> Problem: Start at the line in the entries below that contains "Apartment Interior Design", stop at the line that contains "Изображение - Бизнес", and output exactly the lines in that span, both ends included.

> Stored items:
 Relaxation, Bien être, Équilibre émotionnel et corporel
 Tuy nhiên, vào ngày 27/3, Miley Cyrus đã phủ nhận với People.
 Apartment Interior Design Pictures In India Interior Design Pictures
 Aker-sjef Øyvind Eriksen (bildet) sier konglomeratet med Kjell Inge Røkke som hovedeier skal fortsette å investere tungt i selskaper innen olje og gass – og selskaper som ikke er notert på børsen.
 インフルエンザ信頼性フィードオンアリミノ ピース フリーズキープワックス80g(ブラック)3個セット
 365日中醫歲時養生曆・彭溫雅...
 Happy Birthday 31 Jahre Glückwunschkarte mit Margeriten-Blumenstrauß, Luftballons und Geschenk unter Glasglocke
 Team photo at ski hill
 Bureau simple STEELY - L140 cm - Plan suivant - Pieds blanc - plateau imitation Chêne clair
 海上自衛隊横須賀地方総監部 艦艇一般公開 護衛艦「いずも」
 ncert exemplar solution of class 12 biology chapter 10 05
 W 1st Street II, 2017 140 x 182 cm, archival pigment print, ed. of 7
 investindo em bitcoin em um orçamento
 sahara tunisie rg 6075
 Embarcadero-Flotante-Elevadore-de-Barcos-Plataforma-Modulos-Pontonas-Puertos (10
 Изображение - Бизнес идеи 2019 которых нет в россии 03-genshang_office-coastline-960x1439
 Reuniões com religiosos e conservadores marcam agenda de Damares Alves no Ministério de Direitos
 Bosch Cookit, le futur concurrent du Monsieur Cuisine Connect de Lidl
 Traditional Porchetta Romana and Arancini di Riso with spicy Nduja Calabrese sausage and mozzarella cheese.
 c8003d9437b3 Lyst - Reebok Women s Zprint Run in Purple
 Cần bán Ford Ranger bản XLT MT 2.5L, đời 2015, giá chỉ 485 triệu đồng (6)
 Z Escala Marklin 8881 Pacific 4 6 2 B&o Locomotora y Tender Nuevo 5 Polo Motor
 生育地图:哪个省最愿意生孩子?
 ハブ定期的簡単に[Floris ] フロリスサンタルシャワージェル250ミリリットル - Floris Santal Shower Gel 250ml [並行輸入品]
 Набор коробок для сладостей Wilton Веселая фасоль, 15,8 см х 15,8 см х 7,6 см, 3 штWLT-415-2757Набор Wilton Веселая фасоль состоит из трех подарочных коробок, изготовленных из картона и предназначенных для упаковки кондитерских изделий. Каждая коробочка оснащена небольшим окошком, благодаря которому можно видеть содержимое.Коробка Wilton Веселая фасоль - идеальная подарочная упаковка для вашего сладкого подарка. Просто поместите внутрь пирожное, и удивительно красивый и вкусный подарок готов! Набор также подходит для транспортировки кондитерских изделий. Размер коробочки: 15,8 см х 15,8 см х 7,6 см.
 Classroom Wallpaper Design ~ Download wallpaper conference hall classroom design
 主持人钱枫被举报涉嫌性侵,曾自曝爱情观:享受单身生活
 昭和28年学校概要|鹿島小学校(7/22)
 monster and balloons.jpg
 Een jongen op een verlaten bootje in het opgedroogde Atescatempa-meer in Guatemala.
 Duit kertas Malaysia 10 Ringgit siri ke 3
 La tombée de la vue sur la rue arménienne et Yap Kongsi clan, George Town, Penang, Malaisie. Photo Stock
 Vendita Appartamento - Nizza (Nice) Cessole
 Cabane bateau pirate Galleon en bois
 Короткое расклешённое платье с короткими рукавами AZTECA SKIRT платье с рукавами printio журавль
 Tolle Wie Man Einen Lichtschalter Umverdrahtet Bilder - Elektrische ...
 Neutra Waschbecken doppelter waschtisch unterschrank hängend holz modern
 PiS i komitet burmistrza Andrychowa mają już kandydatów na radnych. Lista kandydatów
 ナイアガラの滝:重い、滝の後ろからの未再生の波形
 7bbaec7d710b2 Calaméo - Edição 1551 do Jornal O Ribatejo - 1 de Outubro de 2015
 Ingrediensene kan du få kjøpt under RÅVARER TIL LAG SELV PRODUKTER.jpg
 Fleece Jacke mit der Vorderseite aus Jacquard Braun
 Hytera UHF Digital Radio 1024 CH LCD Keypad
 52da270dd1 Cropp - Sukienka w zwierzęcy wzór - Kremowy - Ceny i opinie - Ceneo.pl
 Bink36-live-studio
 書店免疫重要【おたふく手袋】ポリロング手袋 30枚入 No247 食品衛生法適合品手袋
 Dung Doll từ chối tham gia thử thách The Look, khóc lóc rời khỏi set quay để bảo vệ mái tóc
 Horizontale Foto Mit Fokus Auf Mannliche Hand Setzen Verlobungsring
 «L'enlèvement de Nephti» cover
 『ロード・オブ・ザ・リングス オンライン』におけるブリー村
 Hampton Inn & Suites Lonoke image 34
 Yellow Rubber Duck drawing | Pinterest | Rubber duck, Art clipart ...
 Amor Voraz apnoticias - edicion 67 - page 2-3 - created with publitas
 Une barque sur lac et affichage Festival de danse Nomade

> Answer to this problem:
 Apartment Interior Design Pictures In India Interior Design Pictures
 Aker-sjef Øyvind Eriksen (bildet) sier konglomeratet med Kjell Inge Røkke som hovedeier skal fortsette å investere tungt i selskaper innen olje og gass – og selskaper som ikke er notert på børsen.
 インフルエンザ信頼性フィードオンアリミノ ピース フリーズキープワックス80g(ブラック)3個セット
 365日中醫歲時養生曆・彭溫雅...
 Happy Birthday 31 Jahre Glückwunschkarte mit Margeriten-Blumenstrauß, Luftballons und Geschenk unter Glasglocke
 Team photo at ski hill
 Bureau simple STEELY - L140 cm - Plan suivant - Pieds blanc - plateau imitation Chêne clair
 海上自衛隊横須賀地方総監部 艦艇一般公開 護衛艦「いずも」
 ncert exemplar solution of class 12 biology chapter 10 05
 W 1st Street II, 2017 140 x 182 cm, archival pigment print, ed. of 7
 investindo em bitcoin em um orçamento
 sahara tunisie rg 6075
 Embarcadero-Flotante-Elevadore-de-Barcos-Plataforma-Modulos-Pontonas-Puertos (10
 Изображение - Бизнес идеи 2019 которых нет в россии 03-genshang_office-coastline-960x1439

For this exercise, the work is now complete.